Model not training when using batch normalization with keras functional API

I'm going through some tutorials using the Keras functional API in Tensorflow 2, and I'm having some trouble including BatchNormalization layers when using the functional API.
Using roughly the same code:
This network trains with the sequential API and batch normalization
This network trains with the functional API, but commenting out the batch normalization layers
This network does not train using the functional API and batch normalization layers
Am I missing a step somewhere? Do I set training=true or training=false somewhere in the code?
Working Sequential Code:
#subclassed layers in keras
import tensorflow as tf
from tensorflow import keras
from tensorflow.keras import layers
from tensorflow.keras.models import Sequential
from tensorflow.keras.layers import Dense
from tensorflow.keras.utils import to_categorical
from tensorflow.keras.layers import Flatten
from tensorflow.keras.layers import Conv2D
from tensorflow.keras.layers import Dropout
from tensorflow.keras.layers import MaxPooling2D
from tensorflow.keras.layers import SeparableConv2D
from tensorflow.keras.layers import BatchNormalization
import numpy as np
import logging
tf.get_logger().setLevel(logging.ERROR)
import ssl
ssl._create_default_https_context = ssl._create_unverified_context
import matplotlib.pyplot as plt
%matplotlib inline
cifar_dataset = keras.datasets.cifar10
(train_images, train_labels), (test_images,
test_labels) = cifar_dataset.load_data()
EPOCHS = 128
BATCH_SIZE = 128
#standardize dataset
mean = np.mean(train_images)
stdev = np.std(train_images)
train_images = (train_images - mean)/stdev
test_images = (test_images - mean)/stdev
#change labels to one-hot
train_labels = to_categorical(train_labels, num_classes=10)

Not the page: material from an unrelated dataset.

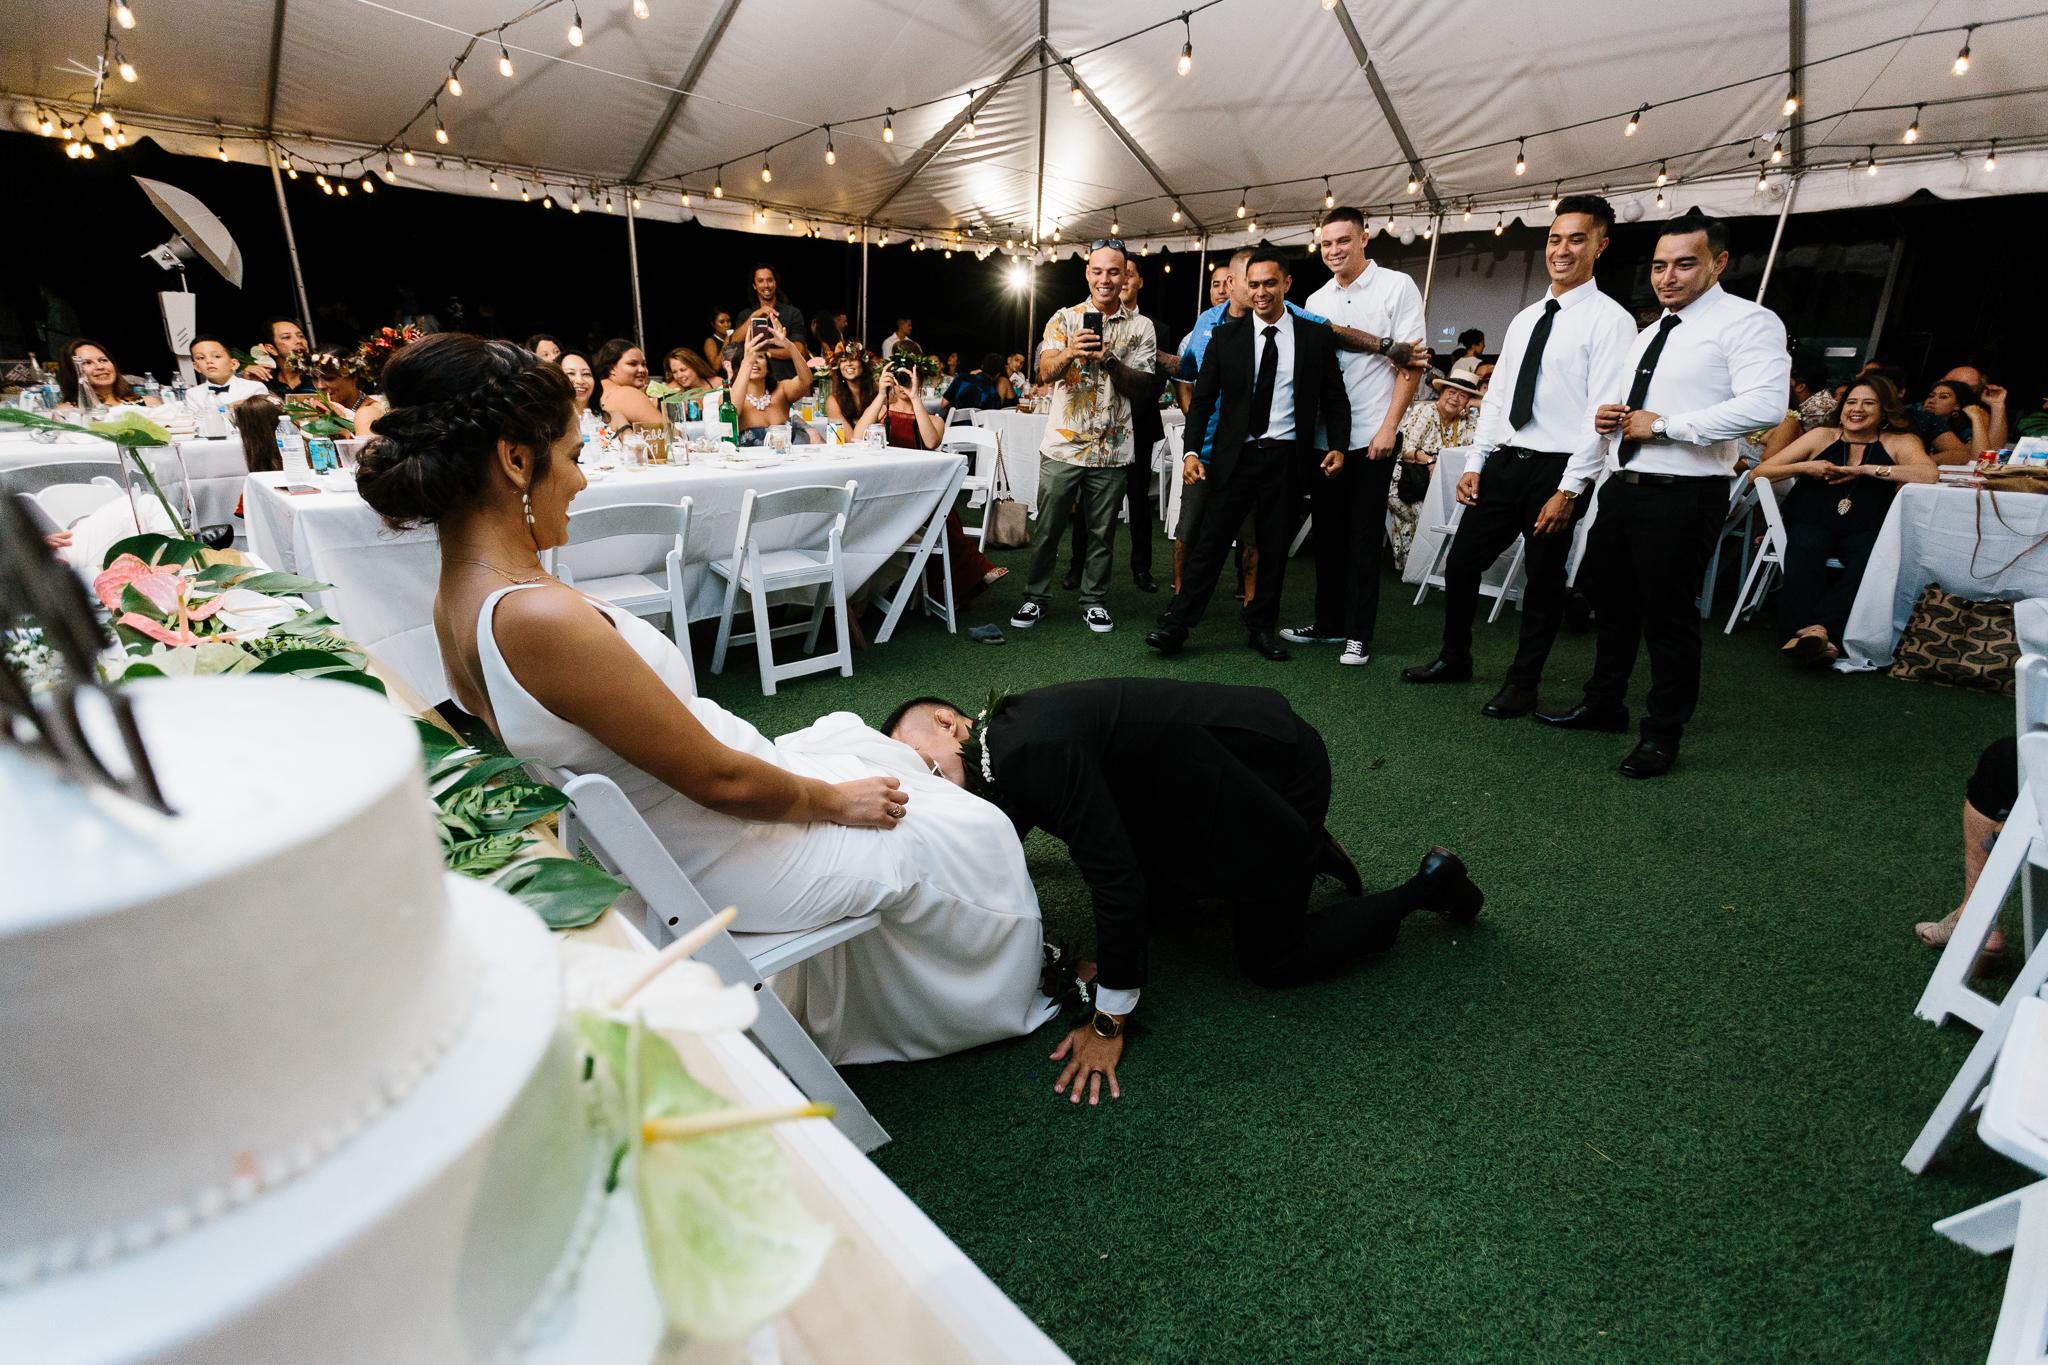 Kualoa_Ranch_Wedding_Photographer_Tone_Hawaii-55.jpg

test_labels = to_categorical(test_labels, num_classes=10)
# Keras model subclassing: build your own layers
#CNN -> batch norm -> Relu
#create a class for this kind of block
class CNNBlock(layers.Layer):#inherits from layers.Layer - keeps track of what we need for back propagation
def __init__(self, out_channels, kernel_size=3, strides=(1,1)): #needs both __init__ and call functions, initialize layer
super(CNNBlock, self).__init__() #superclass layers.Layer with our new class
self.conv = layers.Conv2D(out_channels, kernel_size, padding='same',
kernel_initializer='he_normal',bias_initializer='zeros')#initialize the conv portion of this class
self.bn = layers.BatchNormalization()#initialize batch normalization in this block
def call(self, input_tensor, training=False): #what happens when this block is encountered, specify training bool for traning/evaluation
#call method (forward method in pytorch)
#take input tensor, run it though our initialized layers in __init__
x = self.conv(input_tensor)#run convolution operation
x = self.bn(x, training=training)#batch norm
x = tf.nn.relu(x)#activation function for this layer
return x
class CNNBlock_init(layers.Layer):#inherits from layers.Layer - keeps track of what we need for back propagation
def __init__(self, out_channels, input_size, kernel_size=3): #needs both __init__ and call functions, initialize layer
super(CNNBlock_init, self).__init__() #superclass layers.Layer with our new class - make sure new class name matches
self.input_size = input_size
self.conv = layers.Conv2D(out_channels, kernel_size,
input_shape=input_size, #first layer needs input shape to build properly
padding='same')#initialize the conv portion of this class
self.bn = layers.BatchNormalization()#initialize batch normalization in this block
def call(self, input_tensor, training=False): #what happens when this block is encountered, specify training bool for traning/evaluation
#call method (forward method in pytorch)
#take input tensor, run it though our initialized layers in __init__
x = self.conv(input_tensor,input_shape=self.input_size)#run convolution operation
x = self.bn(x, training=training)#batch norm
x = tf.nn.relu(x)#activation function for this layer
return x
#build model with this
model = keras.Sequential(
[
CNNBlock(64,kernel_size=4,strides=(2,2)),
Dropout(0.2),
CNNBlock(64,kernel_size=2,strides=(2,2)),
Dropout(0.2),
CNNBlock(32),
Dropout(0.2),
CNNBlock(32),
MaxPooling2D(pool_size=(2,2), strides=2),
Dropout(0.2),
Flatten(),
Dense(64, activation='relu',#dense layers to combine features
kernel_initializer='he_normal',
bias_initializer='zeros'),
Dropout(0.2),
Dense(10, activation='softmax',#softmax for classification
kernel_initializer='glorot_uniform',
bias_initializer='zeros')
])
#compile model
model.compile(loss='categorical_crossentropy', optimizer='adam', metrics=['accuracy'])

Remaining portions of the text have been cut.